Description: Customers experienced degraded performance while using the Cloud Management Platform on Shard 4.
Timeframe: February 8th 11:49pm to February 9th 2:20am PST
Incident Summary
On February 8th at 11:49pm, customers using the Cloud Management Platform began to experience degraded performance while running Rightscript executions and Instance Operations on Shard 4.
Technical teams were alerted to high error rates by monitoring systems automatically and responded promptly. Investigations confirmed the error rates were significantly higher than normal on the Shard 4 Router service. Additional subject matter experts were engaged to assist with the investigation leading to the discovery of a deprecated configuration item that was causing the Shard 4 Router service to attempt to connect to a service on a recently decommissioned Shard.

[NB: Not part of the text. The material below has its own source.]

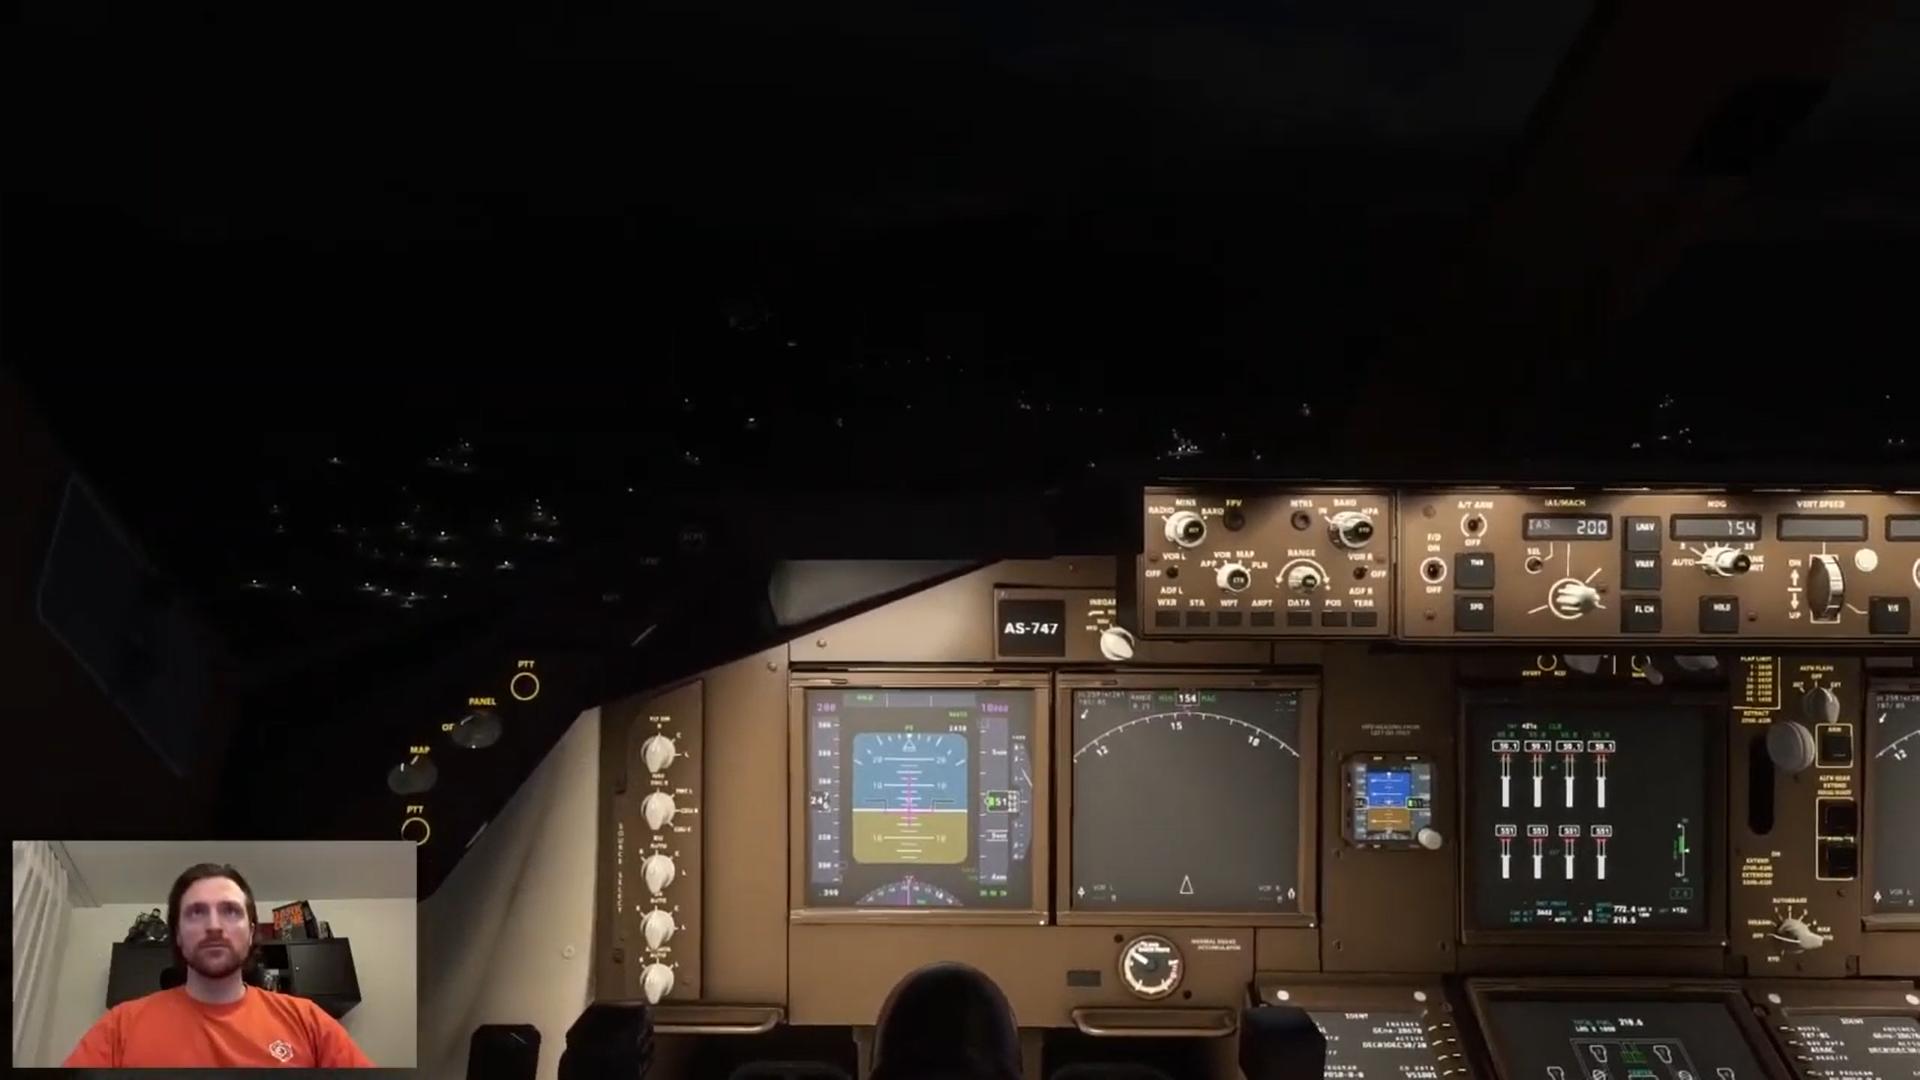 microsoft flight simulator with head tracking eyeware beam

This configuration was removed, and Services were confirmed restored at 2:20am PST on February 9th.
Root Cause
· The root cause of the high error rates and subsequent performance degradation was found to be the Shard 4 Router service to attempting to connect to a service in the recently decommissioned Shard 10.
· The team decommissioning Shard 10 was not aware of the configuration dependency in the Shard 4 Shard Router service and as a result had not removed it as part of this activity. The dependency was not discovered in testing as it was not found to be present in any of the other Development or Production Shard’s.
Corrective Action
· Documentation has been updated to check for additional inter-Shard dependencies in any future decommissioning run books.